7. An information processing apparatus for use with an augmented reality XR device, the apparatus comprising:

a first determining module, configured to determine, based on the positioning identifier in the first image, first location information of the electronic device in a first coordinate system, where the first coordinate system is a world coordinate system of the XR device;

and the sending module is used for sending the first position information to the electronic equipment so that the electronic equipment can determine pose information of the electronic equipment in the first coordinate system according to the first position information and the first pose information of the electronic equipment.

8. The apparatus of claim 7, wherein the frame includes at least three positioning identifiers, and wherein the first acquisition module includes:

the first determining module includes:

the first determining submodule is used for determining second position information corresponding to the at least three positioning identifiers respectively based on the at least two first images;

9. An information processing apparatus, characterized by being applied to an electronic device, comprising:

10. The apparatus of claim 9, wherein the apparatus further comprises:

the electronic equipment comprises an acquisition module, a first position information acquisition module and a second position information acquisition module, wherein the acquisition module is used for acquiring second position information of the electronic equipment and first displacement information of the electronic equipment relative to the first position information after determining the position information of the electronic equipment in the first coordinate system according to the first position information and the first position information of the electronic equipment;

11. The apparatus of claim 10, wherein the acquisition module comprises:

the electronic equipment comprises an acquisition sub-module, a first position information acquisition sub-module and a second position information acquisition sub-module, wherein the acquisition sub-module is used for acquiring fourth position information and fifth position information of the electronic equipment in a second coordinate system, the second coordinate system is a world coordinate system of the electronic equipment, and the fourth position information corresponds to the same time as the first position information;

A third determination sub-module for determining second displacement information of the fifth position information relative to the fourth position information;

and a fourth determination sub-module configured to determine the second displacement information as the first displacement information.

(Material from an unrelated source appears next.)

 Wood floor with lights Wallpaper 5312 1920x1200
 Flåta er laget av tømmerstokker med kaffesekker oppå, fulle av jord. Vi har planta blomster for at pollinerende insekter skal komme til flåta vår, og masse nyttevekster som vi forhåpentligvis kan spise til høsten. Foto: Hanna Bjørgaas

12. The apparatus according to any one of claims 9-11, wherein the apparatus further comprises:

and the fusion module is used for fusing the target object in the first video with the virtual scene video by taking the pose information of the electronic equipment in the first coordinate system as the pose information of the virtual camera in the virtual scene, so as to obtain a target video.

13. An electronic device comprising a processor and a memory storing a program or instructions executable on the processor, which when executed by the processor, implement the steps of the information processing method of any of claims 1-6.